Receive queue 308 can include data or references to data that was
received by network interface from a network. Descriptor queues 320
can include descriptors that reference data or packets in transmit
queue 306 or receive queue 308. Bus interface 312 can provide an
interface with host device (not depicted). For example, bus
interface 312 can be compatible with PCI, PCI Express, PCI-x,
Serial ATA, and/or USB compatible interface (although other
interconnection standards may be used).
[0053] FIGS. 4A and 4B depict examples of memory allocations for
one or more ingress ports. For example, as shown in FIG. 4A, a
single NIC can have multiple receive ports and receive ports can be
allocated to provide packets to one or more memory buffers. For
example, priority 0 memory buffer can receive highest priority
packets received from all ports 0 to N. Priority 1 memory buffer
can receive a next highest priority level packets from all ports 0
to N. In a case that high priority traffic is a largest volume, a
size of priority 0 memory buffer can be larger than priority 1
memory buffer, a size of priority 2 memory buffer, and so forth.
However, a size of a memory buffer can be related to traffic
volume. In a case where low priority traffic is high volume but
high priority traffic is lower volume than that of low priority
traffic, the size of the buffer for the low priority traffic can be
larger than a size of a buffer for high priority traffic (not
depicted). In some embodiments, the size of a priority memory
buffer can be adjusted relative to the traffic volume. In some
examples, DPDK lockless rings can be used to form memory buffers to
resolve access to a same memory location.

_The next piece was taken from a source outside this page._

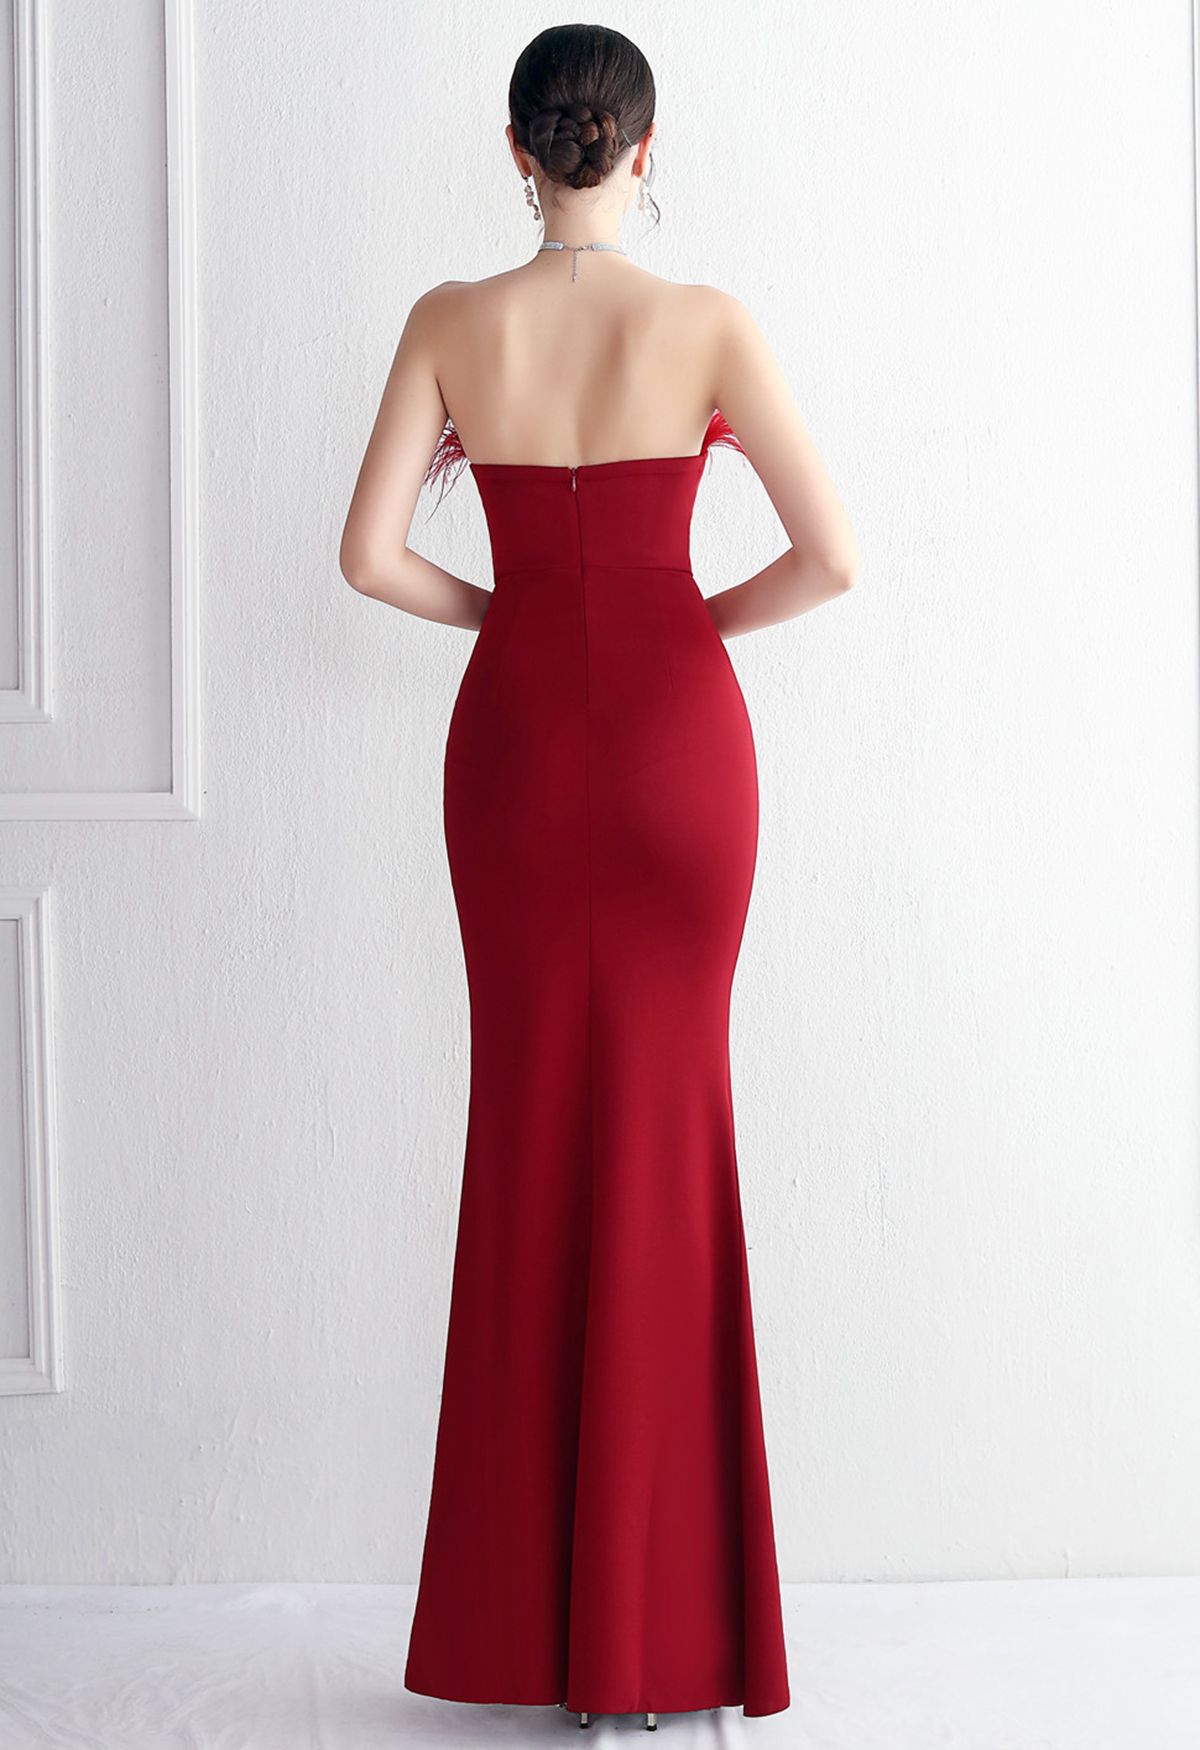 Feather Trim Strapless Slit Gown in Red

[0054] FIG. 4B depicts an example manner of allocating packets from
a receive port 0 to N to multiple memory buffers. A memory pool can
be subdivided to store packets of priority level 0 from a port 0,
packets of priority level 1 from a port 0, and so forth. The same
or another memory pool can be subdivided to store packets of
priority level 0 from a port 1, packets of priority level 1 from a
port 1, and so forth. In some examples, DPDK lockless rings can be
used to form memory buffers to resolve access to a same memory
location.
[0055] In a case of multiple NICs, packets classified at the
multiple NICs can be placed in NICs queues designated for different
priorities packets. For example, the same priority packets from all
the NICs, and regardless of receive port, can be stored in a memory
pool designated for a particular priority level, in a similar
manner as the example of FIG. 4A.
[0056] FIG. 4C depicts an example of allocations of memory buffers
for packets from multiple NICs. For multiple NICs, prioritized
memory pools can be allocated whereby packets of the same priority
level from all NICS 0 to N are stored in a particular priority
level memory buffer. For example, a packet of priority 0 from port
0 from NIC 1 are stored in priority 0 memory buffer. Likewise, a
packet of priority 1 from port 0 from NIC 0 and a packet of
priority 1 from port 1 from NIC 1 are stored in priority 1 memory
buffer. In some embodiments, for the example of FIG. 4C, the
highest priority packets correspond to the highest volume of
traffic and accordingly a largest memory buffer is allocated to the
highest priority packets. Conversely, the lowest priority packets
correspond to the lowest volume of traffic and accordingly a
smallest memory buffer is allocated to the lowest priority packets.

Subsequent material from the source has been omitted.